Across the period, the company has continued its financial investment in the ongoing development of the GEM Green Eco business. £0.9m (2023 - £0.8m) has been invested in continuing to build a team, in infrastructure and in providing advocacy for government and clients in the district heating sector ahead of the introduction of the new Energy Act for which the Group has identified significant customer solutions through its agility and smart offerings.
As reported last year, the company has established sector leading technology solutions for customers to meet their requirements under the Energy Act, due to become law in early 2025. Substantial management time has been spent on this project, and around the period end the first customer contracts were under discussions and have, post period end, been signed and rolled out.
A restructuring of the Group has seen the intellectual property rights for agility and smart service offerings transferred out of GEM for risk mitigation purposes and GEM will pay a licence fee from the revenues it generates from these offerings which have commenced post period end. GEM has a perpetual exclusive licence for the smart and agility software in the social housing district heating market nationwide.
Gem Environmental Building Services Limited
Strategic Report for the Period from 1 April 2023 to 30 June 2024
Assessment of Risks to the company
• Inflation - the company's focus is on inflation within the supply chain and workforce, and customers’ budget constraints, all of which must be balanced against residents’ own cost of living pressures.

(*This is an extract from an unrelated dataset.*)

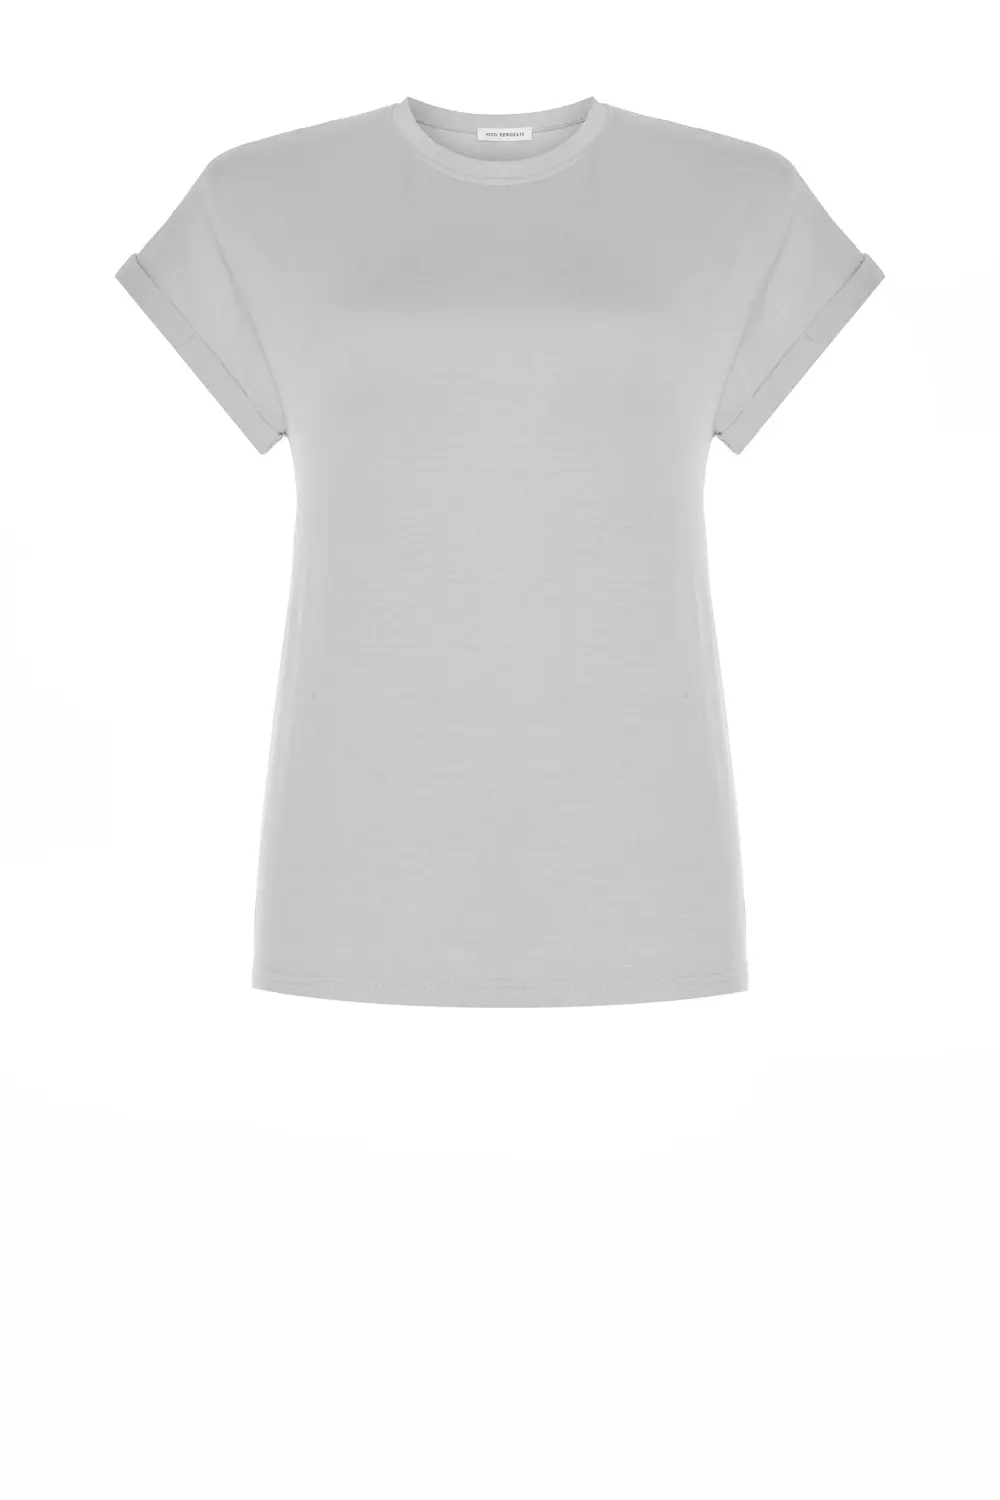 jasno szara bluzka damska dzianinowa micromodal krótki rękaw koszulka polska marka Vito Vergelis

The wider world conflicts and uncertainties will continue to drive inflation and fuel poverty pressures. This inevitably affects our people, our purchasing power, our clients, end-users, and the resultant annual pricing reviews with our clients.
That said, from a client perspective, given the legislative, environmental, and Health & Safety agenda within government, the solutions the company can offer provide considerable leverage for GEM in terms of clients’ needs to ensure the solutions GEM offers are made a priority.
• Credit - both in the context of credit insurers’ appetite to the wider construction sector, and with the historic losses within the company, access to credit via supply chain credit limits presents a challenge, especially in the light of GEM’s growth trajectory and so need for further working capital.
The return to profitability, increasing order book for project work, which generates a higher gross profit margin, and roll-out of recurring revenue technology is and will improve access to credit over time.
Corporate Governance
GEM has achieved, and is continually improving on, its ISO Certification and is progressing toward Tier 1 & 2 ESG requirements, which cover activities such as Leadership & Purpose, Board Composition, Director Responsibilities, Opportunity and Risk, Remuneration, Health, and Well-being & Safety.
As of 30 June 2024, GEM holds the following accreditations: BESA; ISO -9001, 14001 and 45001; CHAS; Construction Online - Silver and Bronze; Constructionline; Social Value; Gas Safe; FORS - Bronze; IGEM; LRQA; NAPIT, NICEIC and Sage Contractor.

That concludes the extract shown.